Жизнь в военных поселениях идет по раз заведенному масштабу, с соблюдением всех предписаний воинских уставов. Хозяйственные работы производятся ротами под наблюдением офицеров; отлучка на ночь допускается лишь с разрешения ротного командира. Женитьба и замужество совершаются также по приказу начальства, хотя официально в «положениях» и говорится, что «брачные союзы совершаются не иначе, как по обоюдному, не принужденному, добровольному на то согласию жениха и невесты». В действительности вопрос о брачных союзах разрешался проще, именно так, как это практиковалось исстари в грузинской вотчине. Составляются списки тем, кому пришла пора жениться или выходить замуж. В назначенный день собирают кандидатов для брачного союза и по жребию намечают пары. А дальше — то же, что и в грузинской вотчине. Вигель имел полное право сказать про военные поселения: «женщины не смели родить дома: чувствуя приближение родов, они должны были являться в штаб».
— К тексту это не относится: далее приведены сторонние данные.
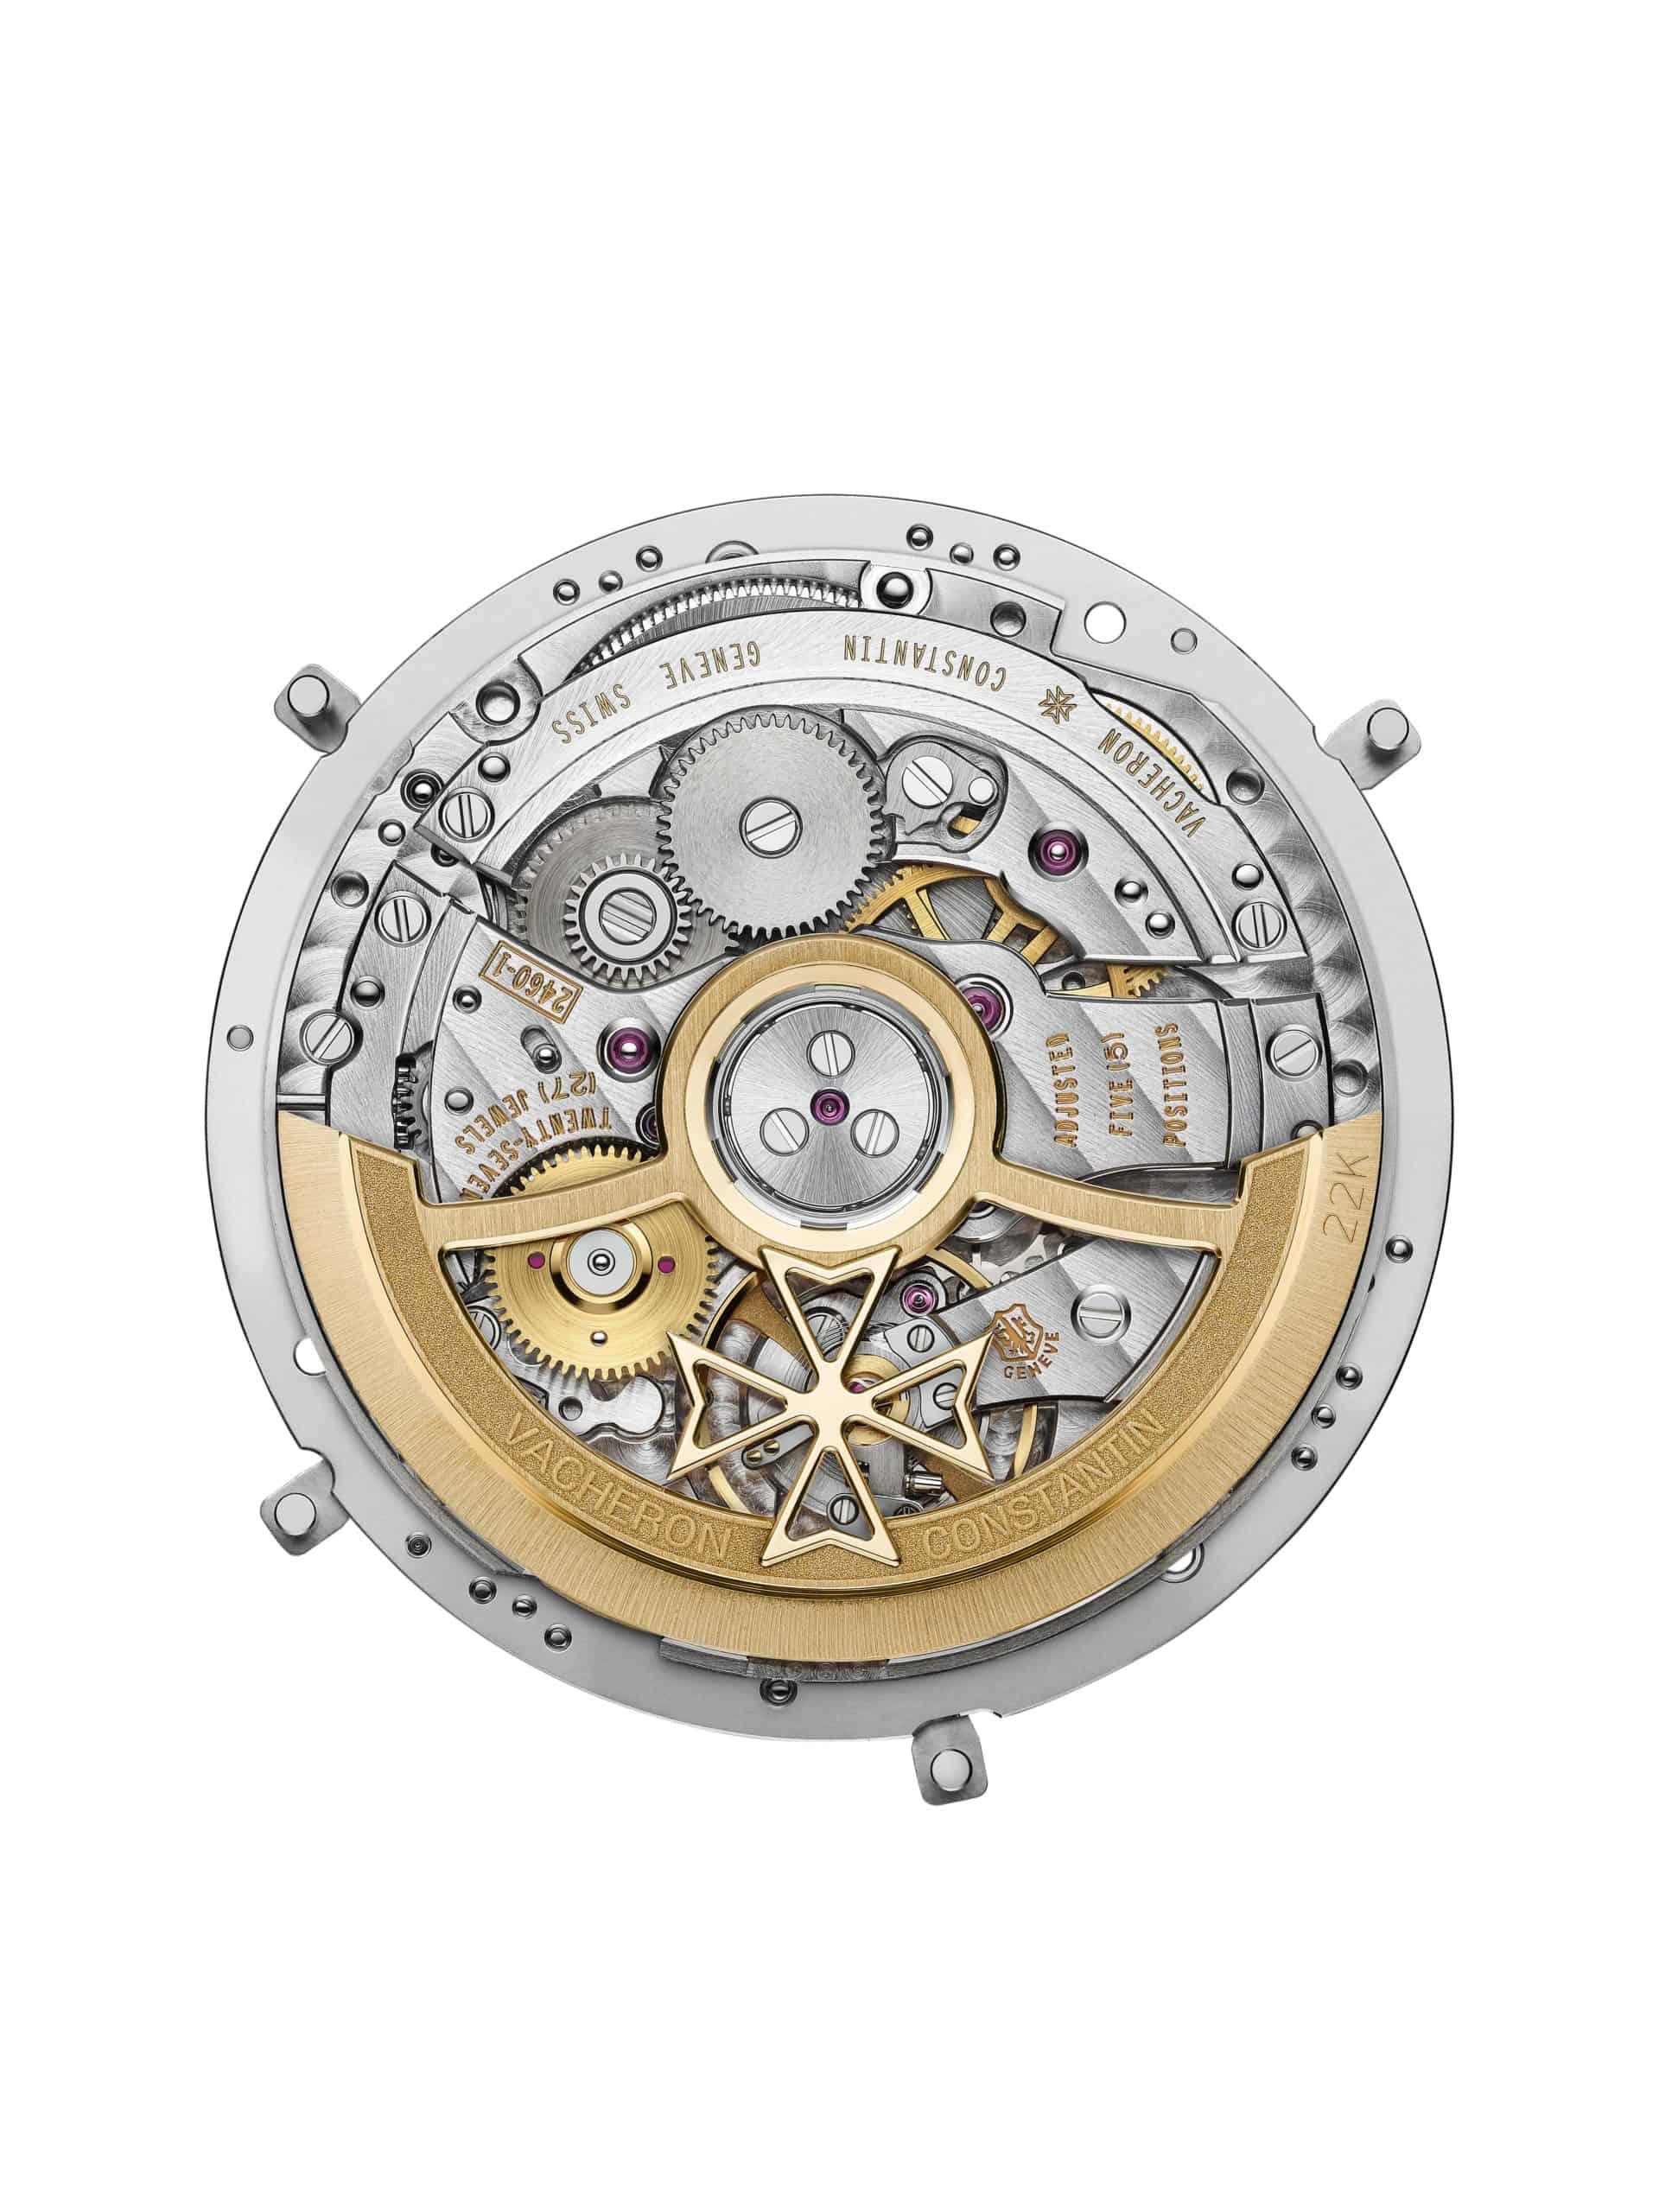 Vacheron Constantin FiftySix Automatik Vollkalender Kaliber 2460 QCL1 V tr 1651479

Одним словом, регламентируются все семейные отношения, все подробности обыденной жизни. Особенное внимание обращается на нравственность поселян, которым предписывается быть «попечительным отцом», «добрым мужем», «надежным другом и товарищем» (последнее при развитой и усиленно покровительствуемой системе доносов). «Добронравное обхождение в кругу своего семейства, — гласит «правило», — является «как бы порукою по себе начальству в хороших качествах». Весьма скоро, — как официально констатировал Аракчеев, — военные поселения крестьянам «очень полюбились». Дети и взрослые «приняли свойственный солдату вид», изучив солдатскую муштру, по доброй их воле без принуждения — «можно сказать играючи». Так же процветали и хозяйственные работы. Во время официальных обозрений военных поселений Аракчеев получал со всех сторон восторженные отзывы. «Все торжественно говорят, что совершенства в них по части фронтовой, так и экономической, превосходят всякое воображение», — замечает современник. Все почетные гости — иностранные принцы и посланники считают своей обязанностью съездить на Волхов и осмотреть это «удивительное чудо». Чудо удивительное в действительности: «там, где за восемь лет были непроходимые болота, видишь сады и огороды», — писал в 1825 г. Карамзин.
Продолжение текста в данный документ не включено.